Unilever, which traces its roots back to 1929 and the merger of Lever Brothers with the Dutch company Margarine Unie, employs 150,000 people in over 190 countries.
Other manufacturers and retailers including Nestle, Kraft Heinz, Procter & Gamble, Next, Greggs, PZ Cussons and Pladis, the owner of McVitie’s, have also warned of higher prices. John Allan, the Tesco chairman, has warned that food prices could rise by as much as 5 per cent.
Unilever and Tesco fell out six years ago when the consumer goods giant attempted to push through steep price increases, prompting Britain’s biggest supermarket chain to remove all the company’s products from its shelves. Tesco recently said that its price inflation was running at a lower level than the 3.8 per cent grocery industry average, however most supermarket chiefs expect food prices to increase this year.
Unilever said that its latest price increases would be across the board and that it was talking to retailers about individual products.
The pressure from higher prices comes amid a cost of living crisis, as household finances are being squeezed by soaring energy prices. The average home will need to find an extra £700 to cover annual bills after the energy price cap increases from April.
Unilever’s warning came as the company reported a 9.9 per cent rise in profits to £5.5 billion. Its revenues rose by 3.4 per cent to £44.2 billion last year.
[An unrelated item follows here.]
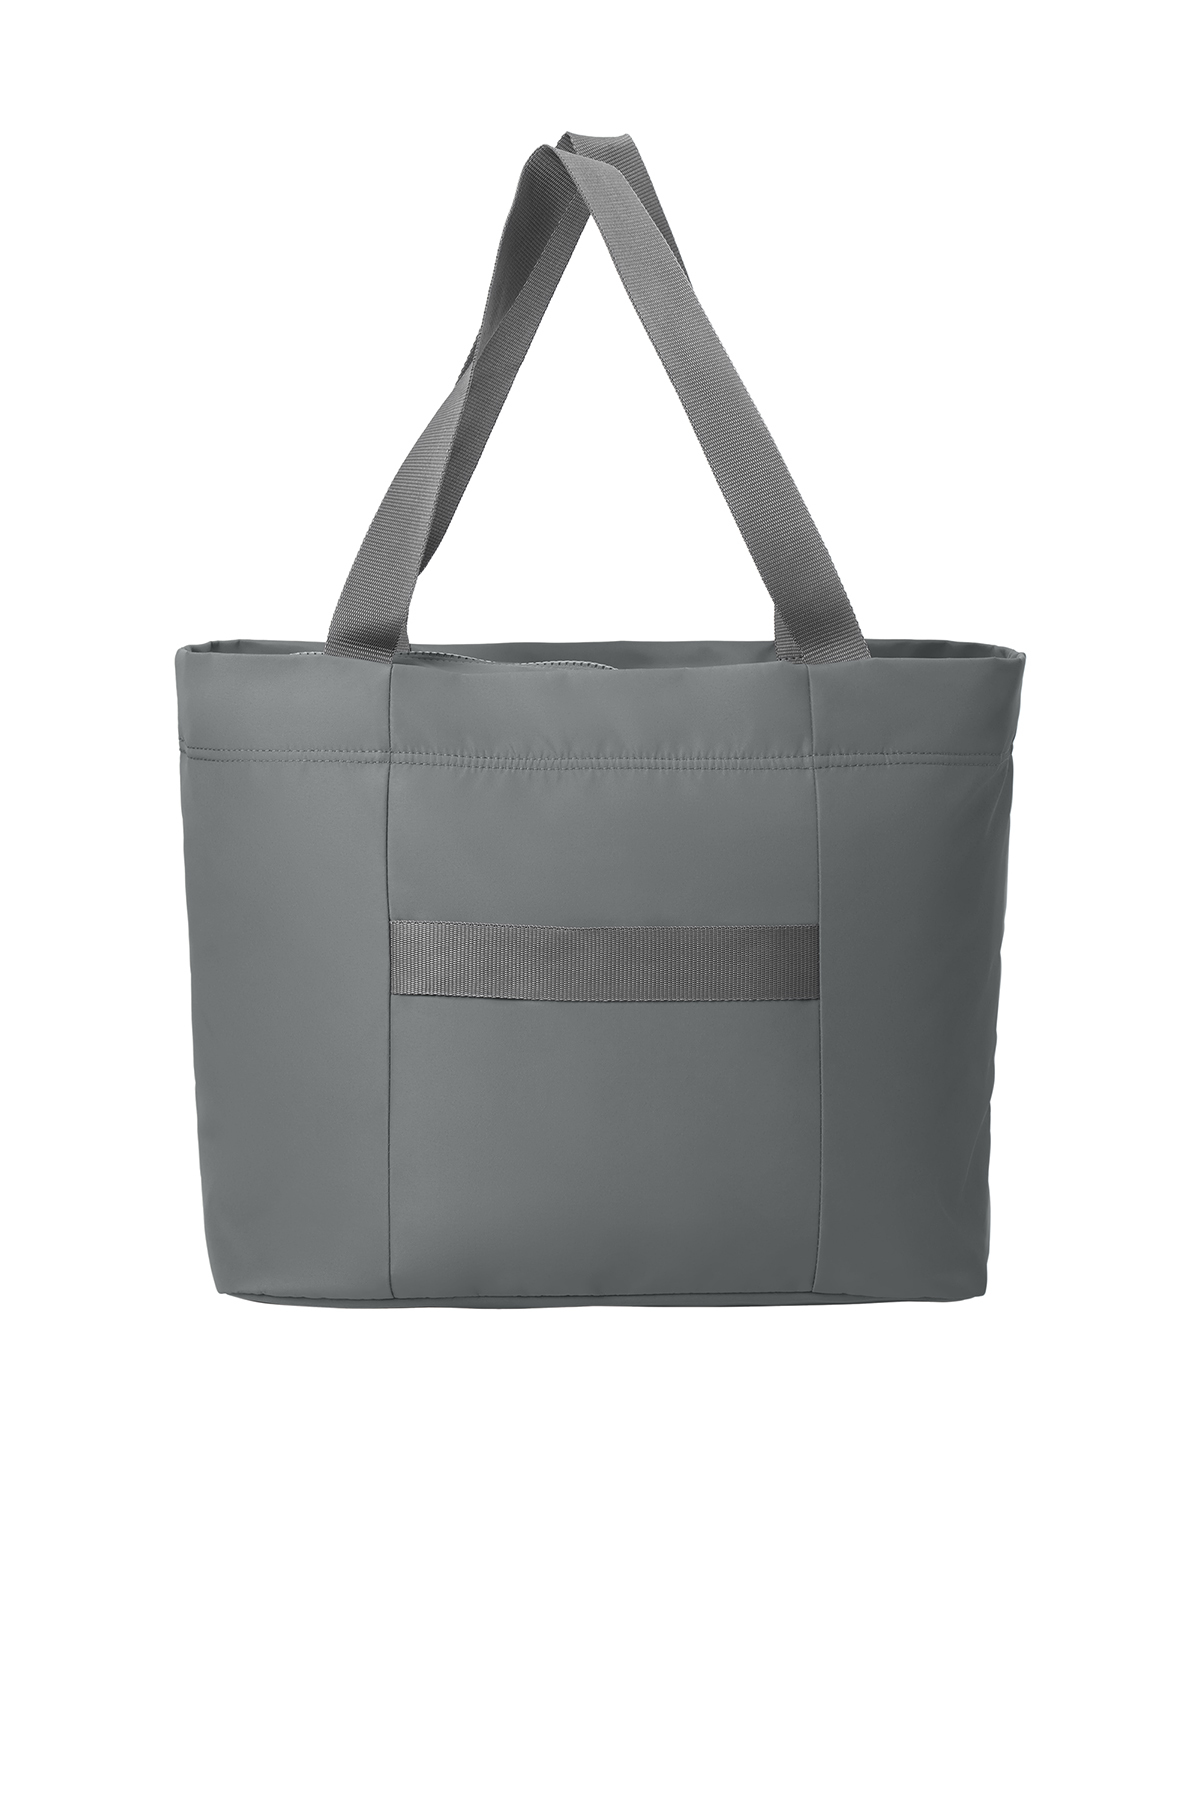 Port Authority Matte Carryall Tote | Product | SanMar

Last month Unilever was criticised by one of its largest investors, Terry Smith, the founder of Fundsmith, for what he said was an obsession with “publicly displaying sustainability credentials at the expense of focusing on the fundamentals of the business”.
“A company which feels it has to define the purpose of Hellmann’s mayonnaise has in our view clearly lost the plot,” Smith said.
Alan Jope, Unilever’s chief executive, defended the company’s sustainability messages yesterday, saying that they resonated with younger consumers and helped to drive growth.
The company abandoned plans to take over GlaxoSmithKline’s £50 billion consumer goods division, which includes Sensodyne and Panadol, after investors protested.